Grave Forsaken is an Australian Christian metal band, where they primarily play thrash metal, death metal, and doom metal styles of music. They come from Perth, Western Australia. The band started making music in 2004. They have released five studio albums, and they have recorded two extended plays, in their tenure.

==Background==
Grave Forsaken is a Christian metal band from Perth, Western Australia, having been established in September 2004. Their current members are vocalist and guitarist, Vaughn Gregory, guitarist, Elias Salmela, bassist, Matt Skipworth, and drummer, Luke Gallagher, while their former members were, vocalist and drummer, Tim Steadman, guitarist and drummer, Simon Hoggett, and drummers, Dave Kilgallon and Richard Sallows.

==Music history==
The band commenced as a musical entity in 2004, with their first release, an extended play, Grave Forsaken, came out independently, in 2005. Their subsequent release, a studio album, Beside the River of Blood, was released in 2006, by Rowe Productions.
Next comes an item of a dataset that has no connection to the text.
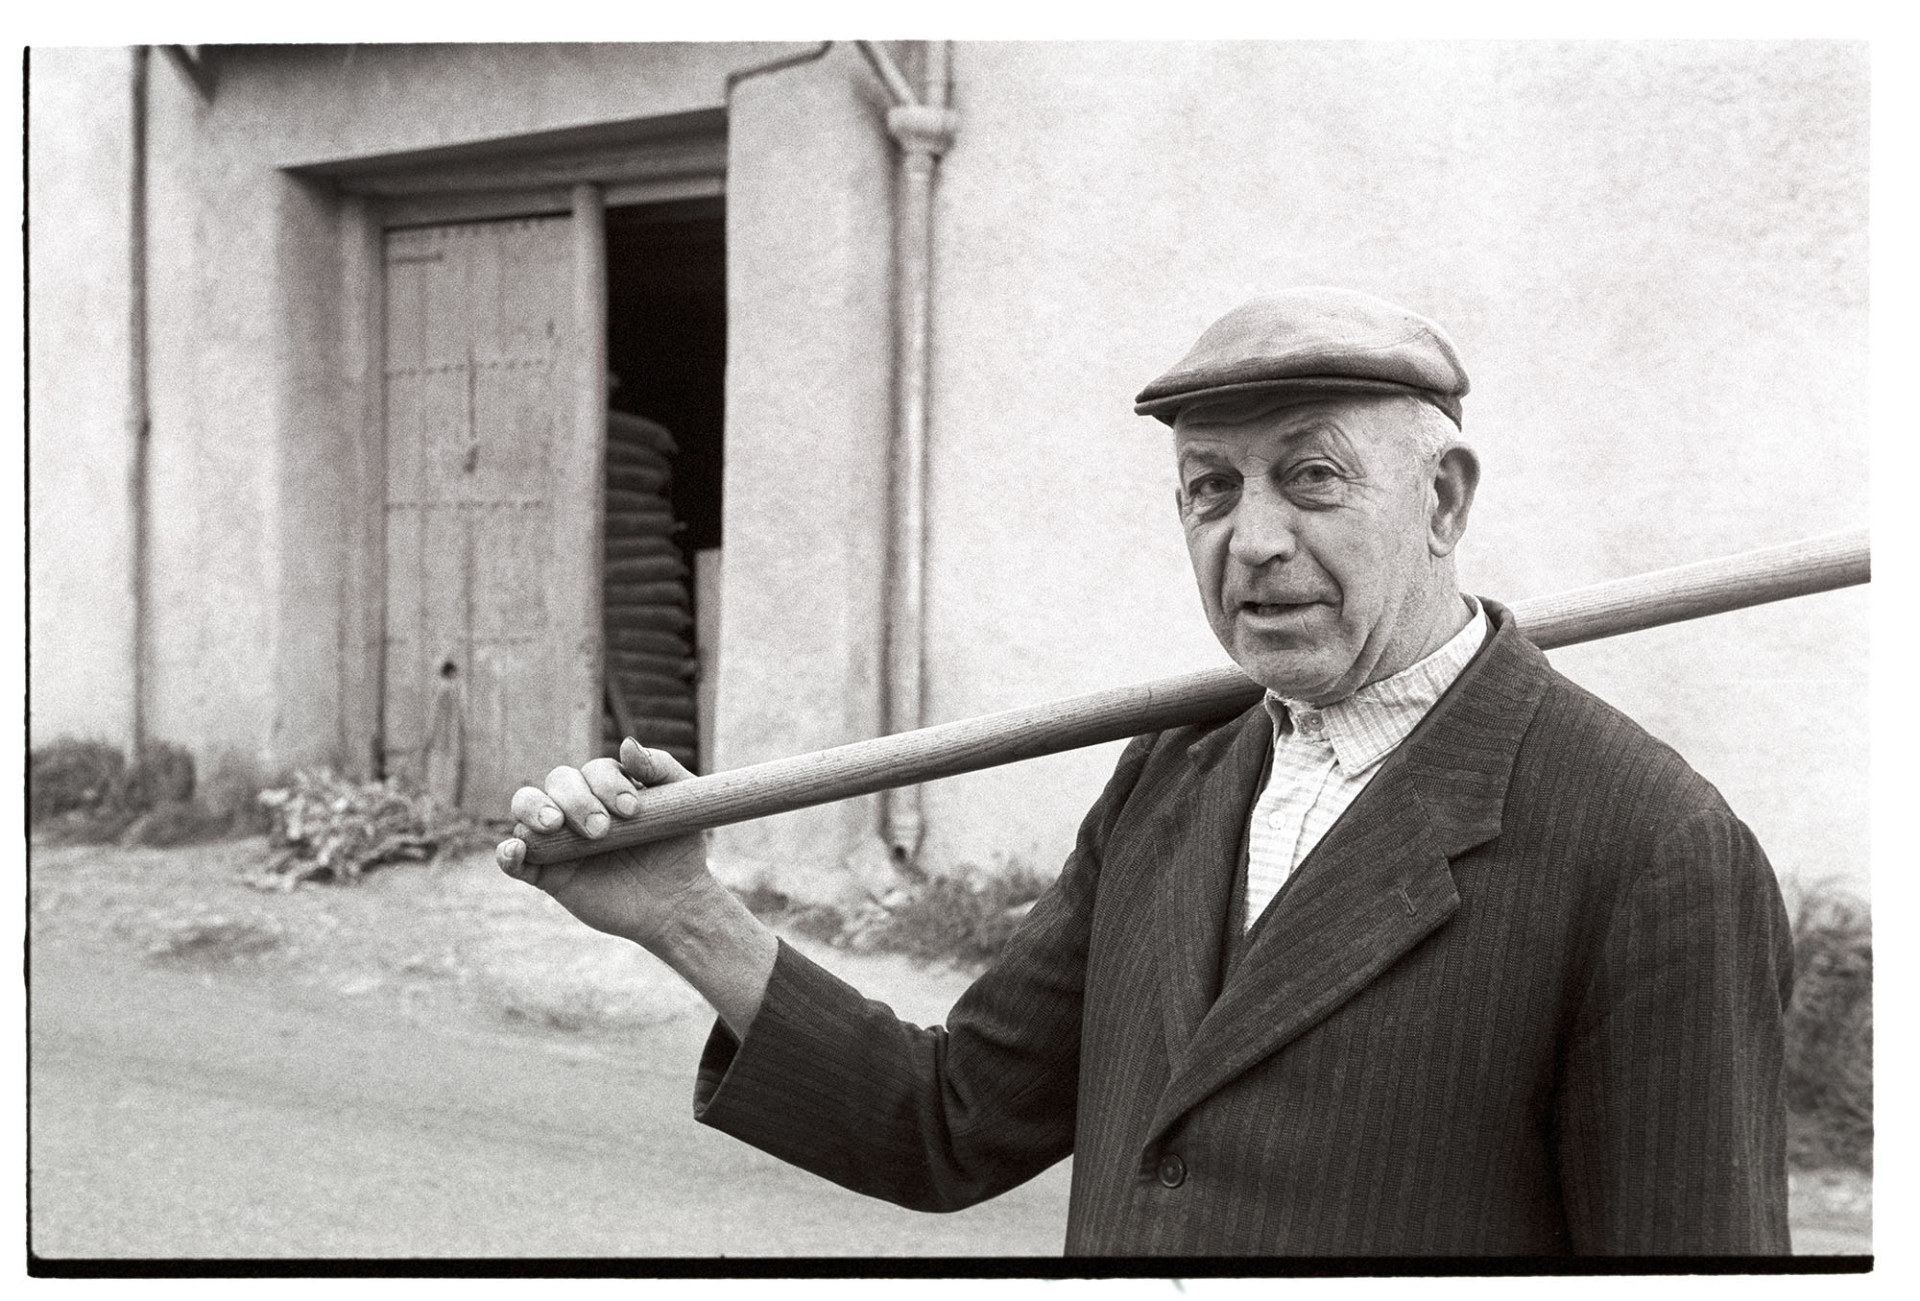 Farmer standing in cap.
[Richard Pearce wearing a cap and carrying a tool on his shoulder and standing in a street in Monkokehampton.]

They released, another extended play, Horror and Sadness, independently in 2007. The second studio album, Destined for Ascension, was released independently in 2008. Their third studio album, This Day Forth, was released by Soundmass Records, in 2009. The fourth studio album, Fight to the Death, was released from Soundmass Records, in 2010. Their fifth studio album, Reap What You Sow, was released in 2012, from Soundmass Records.

==Members==
Current members
- Vaughn Gregory – vocals, guitar (2004–present)
- Elias Salmela – guitar (2004–present)
- Matt Skipworth – bass (2004–present)
- Luke Gallagher – drums (2011–present)

Former members
- Tim Steadman – vocals, guitar (2004–2008)
- Simon Hoggett – guitar, drums (2008–2010, 2010–2011)
- Dave Kilgallon – drums (2007–2009, 2010–2011)
- Richard Sallows – drums (2009–2010)

==Discography==
- Studio albums
- Beside the River of Blood (2006, Rowe)
- Destined for Ascension (2008, independent)
- This Day Forth (2009, Soundmass)
- Fight to the Death (2010, Soundmass)
- Reap What You Sow (2012, Soundmass)
- The Fight Goes On (2015)
- It Has Begun (2017)
- The Footsteps of God (2020)
- EPs
- Grave Forsaken (2005, Independent)
- Horror and Sadness (2007, independent)
- Plugged in the System (2013)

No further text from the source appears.